DATASET SECTION
● ● ● ●

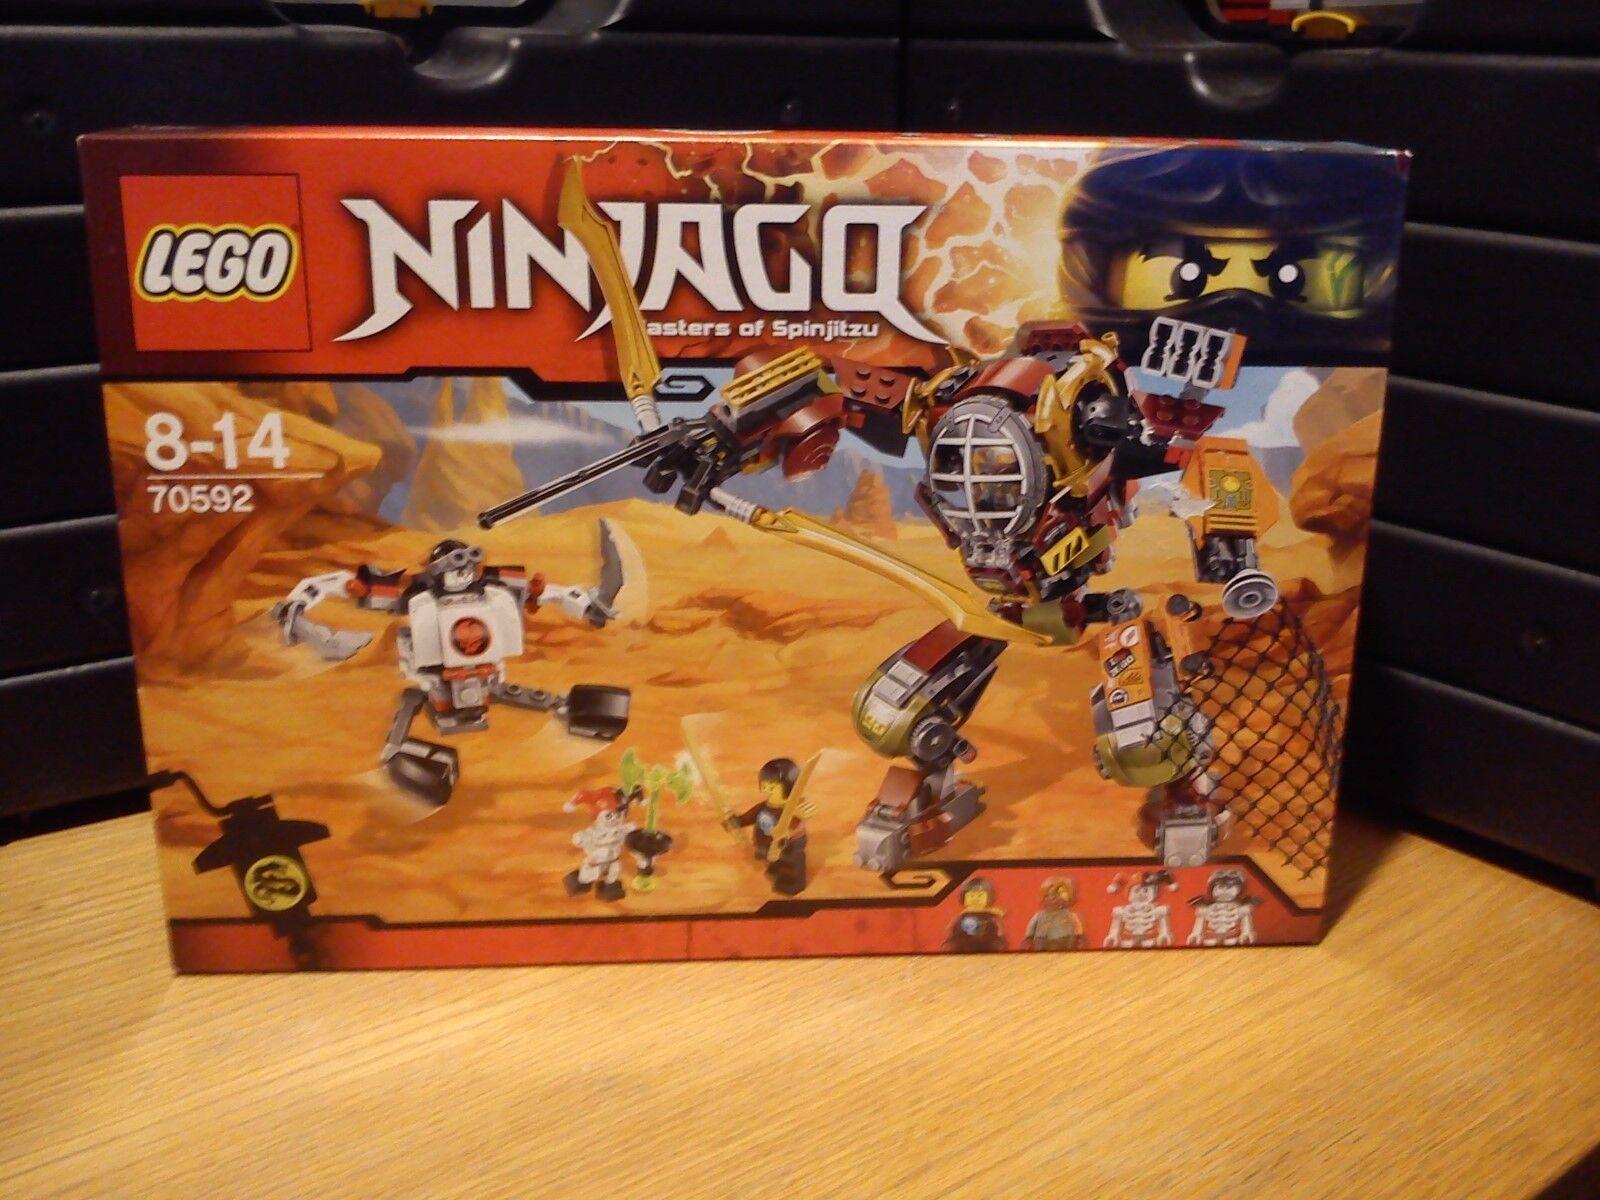 Lego Ninjago 70592 Le robot de Ronin (New & Sealed)
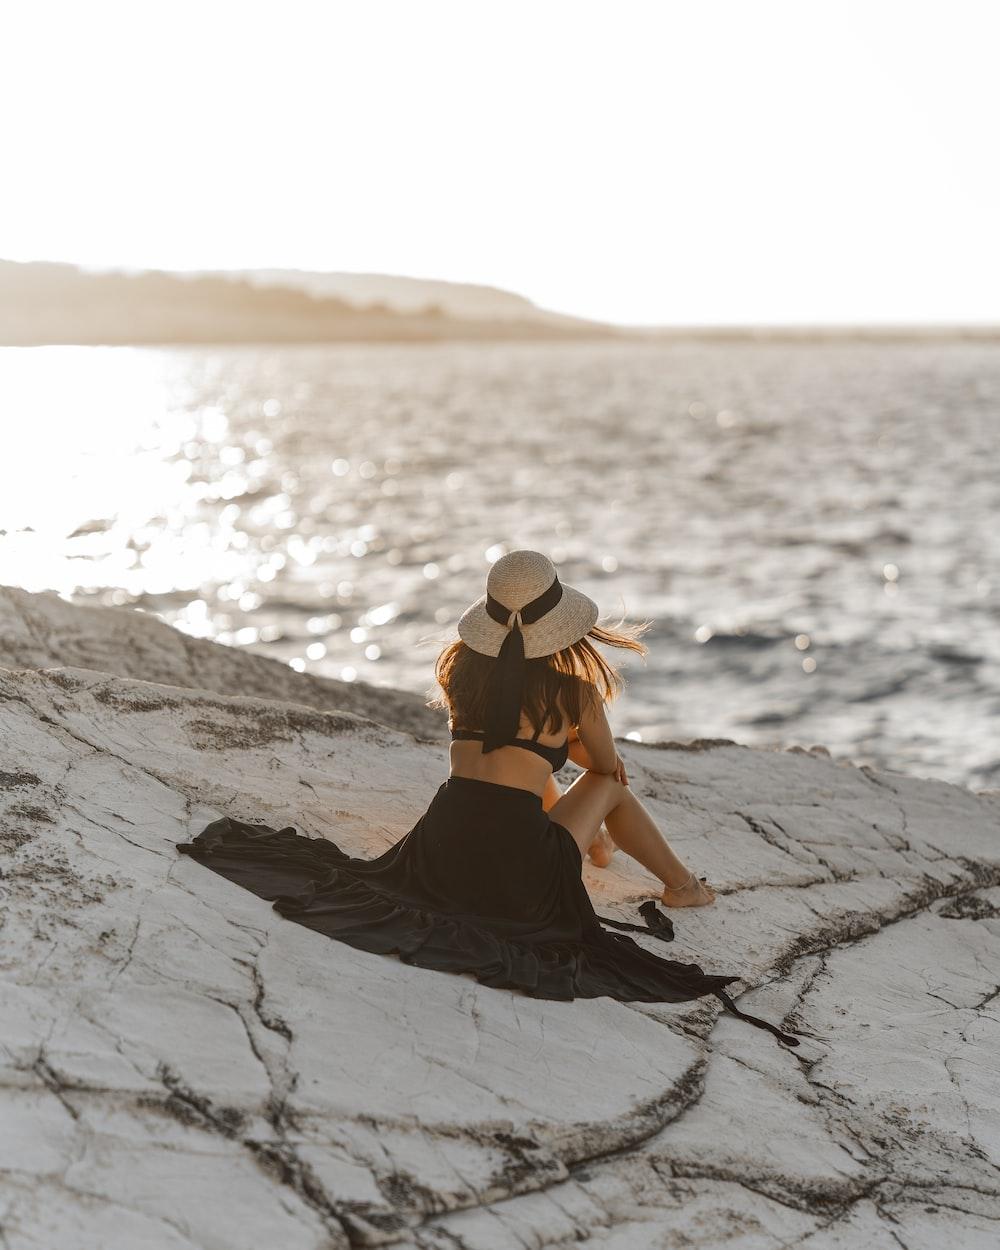 woman in black bikini sitting on rock formation during daytime
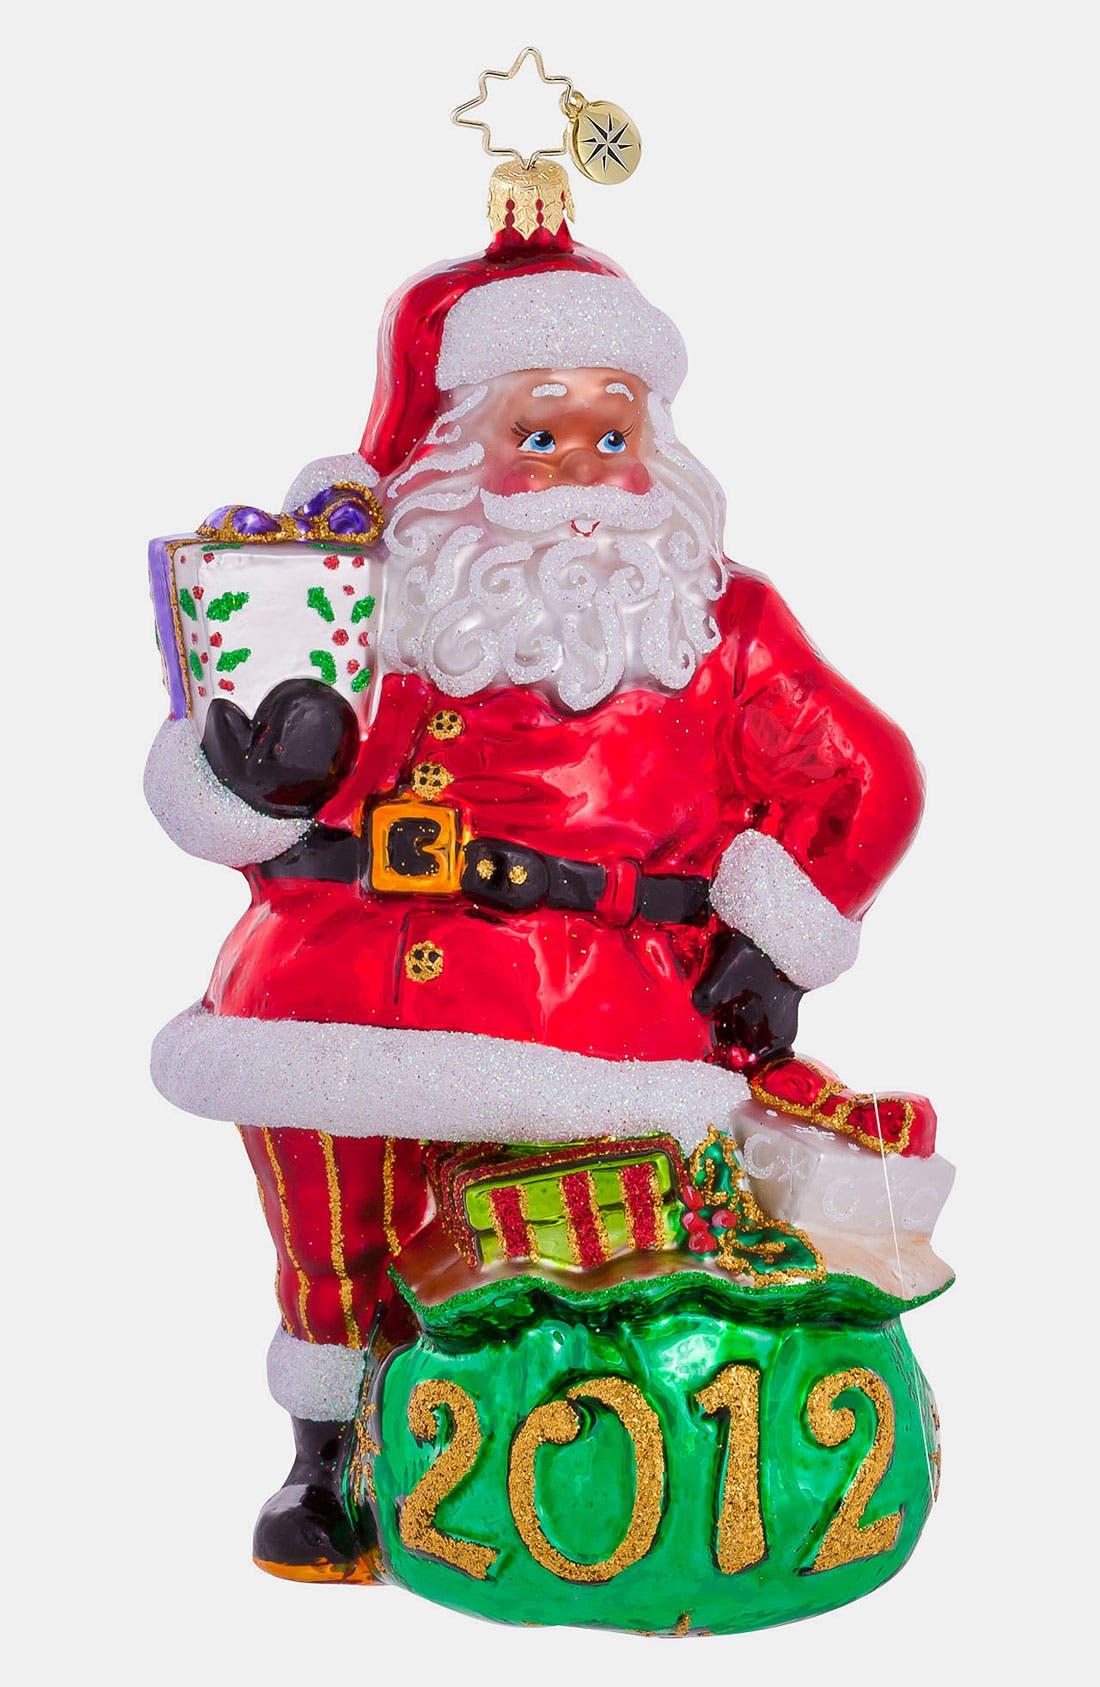 Alternate Image 1 Selected - Christopher Radko '2012 Santa' Ornament

● ● ● ●

WHAT YOU HAVE TO DO
Each line from the line containing "woman in black" through the last line above must be written out exactly, and every picture must be omitted.

SOLUTION TO THIS TASK
 woman in black bikini sitting on rock formation during daytime
 Alternate Image 1 Selected - Christopher Radko '2012 Santa' Ornament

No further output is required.